Stovall blames "geopolitical tensions" for keeping the S&P 500 below 2,500, the next key level that the bull run was set to send it above. Instead the S&P hit a new high of 2,490 last week before dropping back to 2,441— that's still well above the key 100- and 200-day moving averages of 2,411 and 2,338, respectively. The index was up 1 percent to 2,466.02 late morning Monday.
In a note to clients Monday morning, Stovall notes since World War II the market has had 56 pullbacks ranging between 5 percent and 9 percent, 21 corrections involving a market drop of between 10 percent to 19.9 percent and 12 bear markets (drops of 20 percent or more). "On average" says Stovall, "only six months have separated the end of one decline of 5 percent or more until the start of the next."

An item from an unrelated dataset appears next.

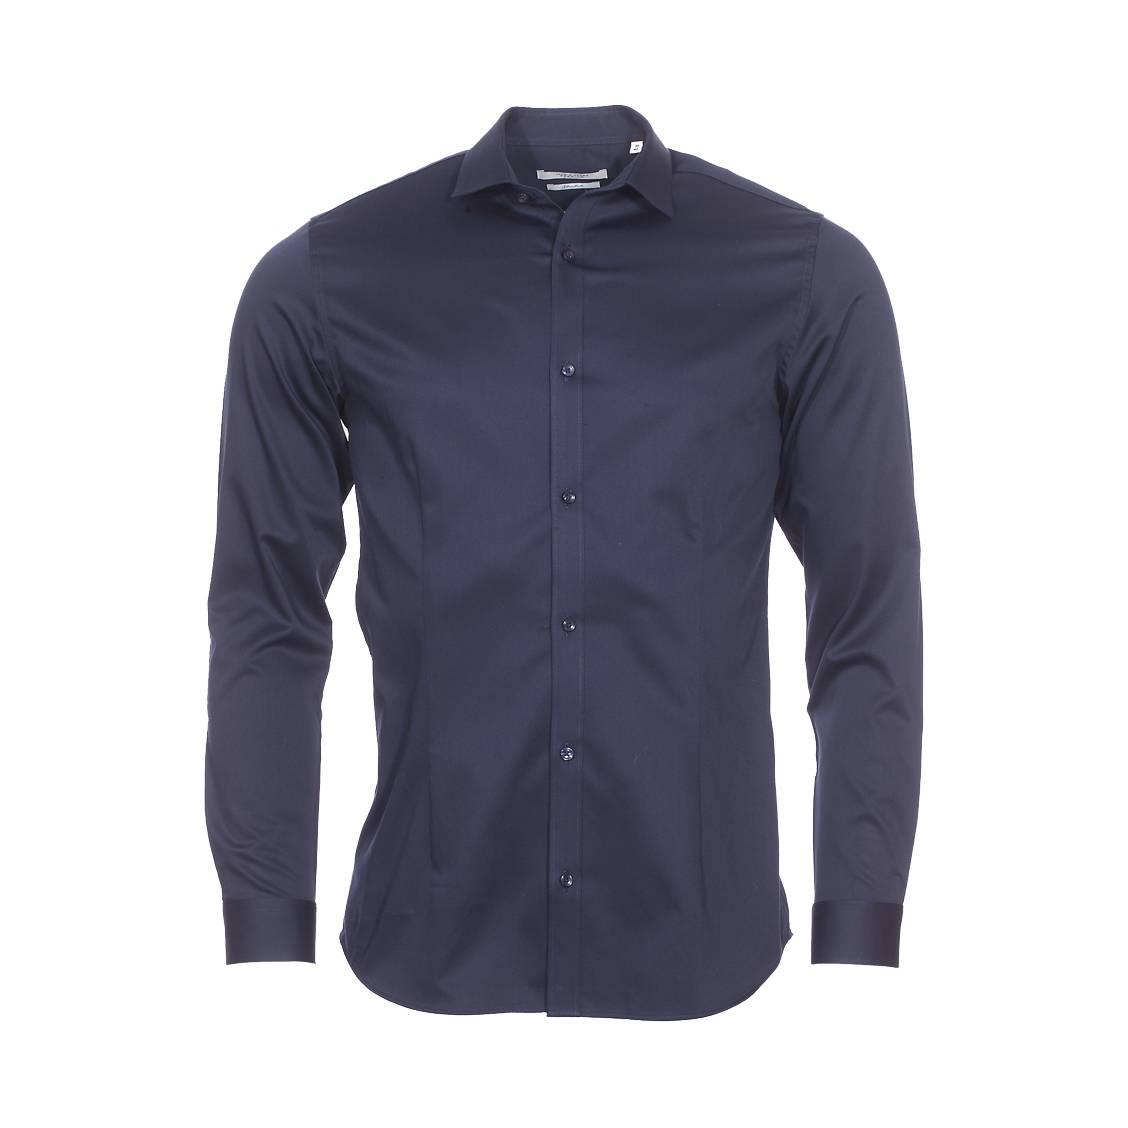 Chemise cintrée jack & jones premium parma en coton stretch bleu marine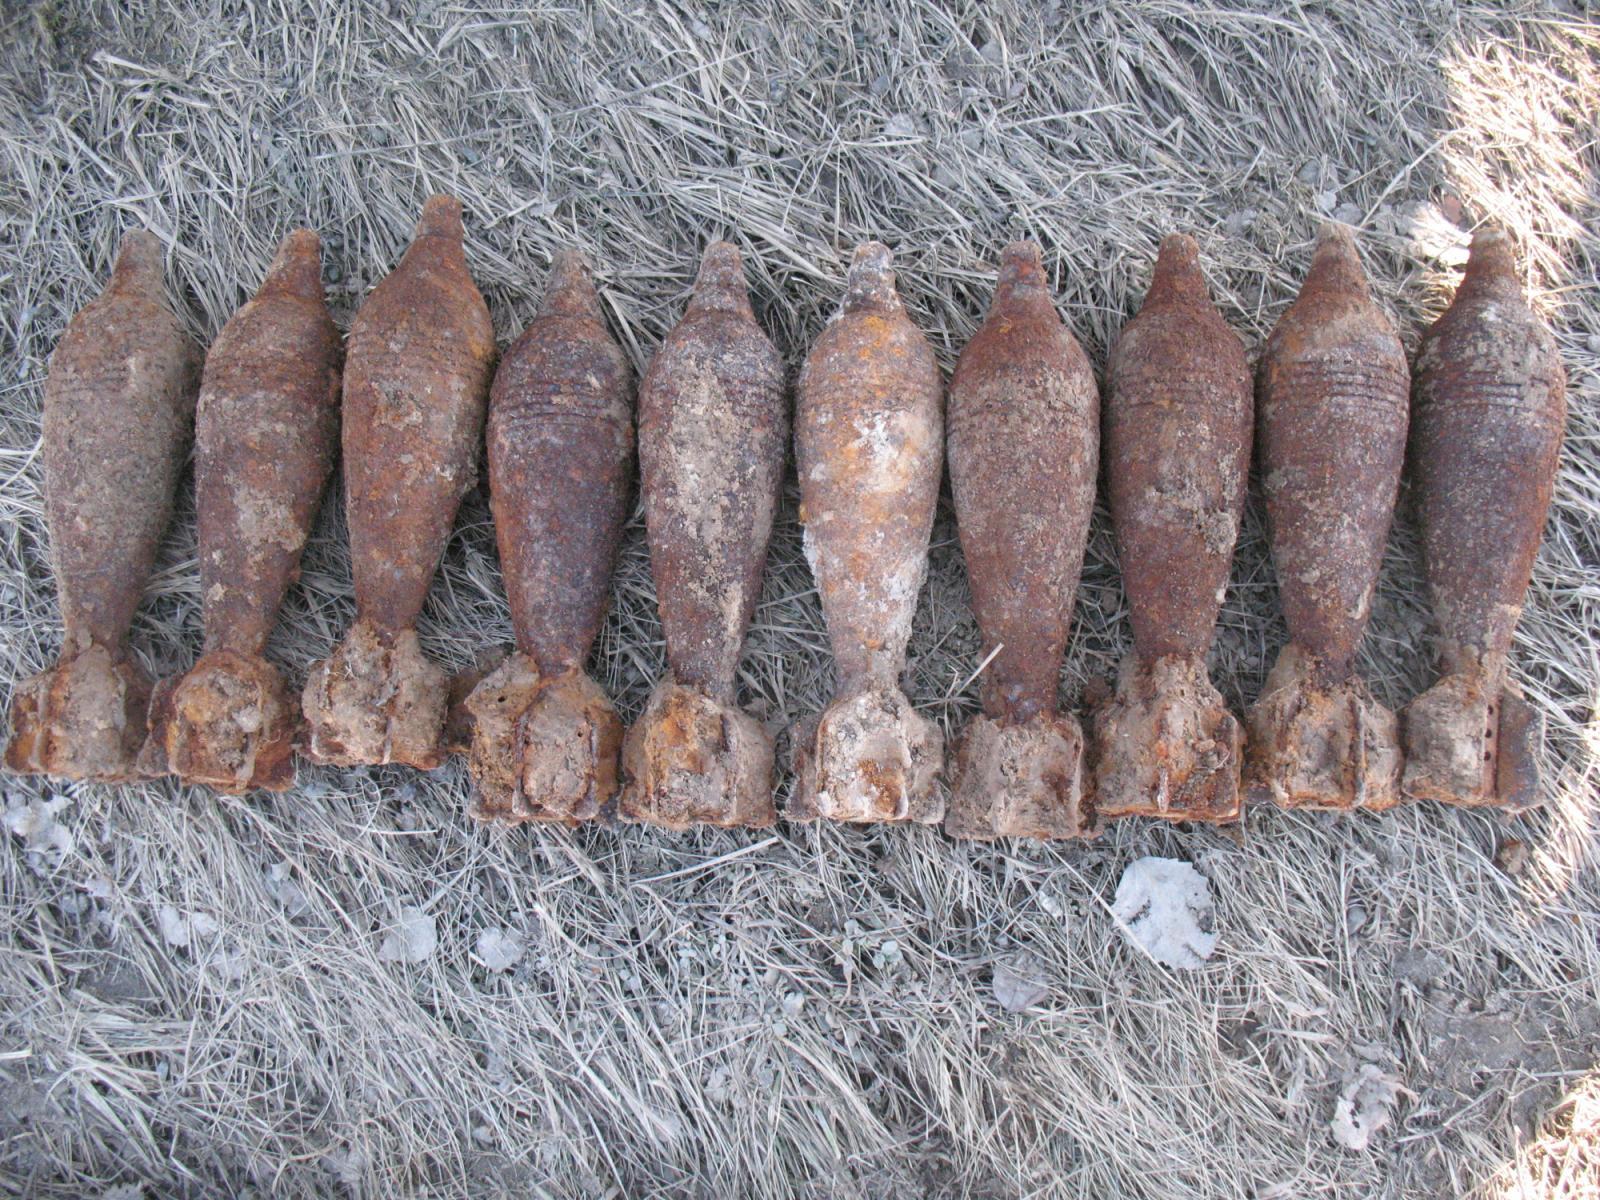 В Брасовском районе нашли 15 боеприпасов времен войны

The S&P hasn't had a 10 percent or more slide since late 2015, ending in February 2016.
However, Stovall warns against investor panic. His research shows that 85 percent of the time after 5 percent declines, stocks returned to rally mode. According to Stovall, "recommending that investors lighten up their exposure to equities may end up doing more harm than good to their portfolios and psyche."
The CBOE Volatility Index, often cited as a key metric of investor nervousness, jumped last week but remains near historical lows.
Like just about every other market watcher, Stovall concedes it is nearly impossible to forecast when a small drop will turn into a big one.
But he does say there are three things he's watching especially closely. First on the list, the 10-year Treasury, which is now yielding just 2.25 percent, "well below the average rate of 6.1% at market tops."
The second watch factor is valuations and that's drawing more of Stovall's attention. The average price-earnings ratio for the S&P 500 is 18.1 at market tops, it's currently at 23.5 times earnings.
Another of Stovall's warning factors is the unemployment rate which has historically dipped below 5 percent before the market hits a top, we're now at 4.3 percent.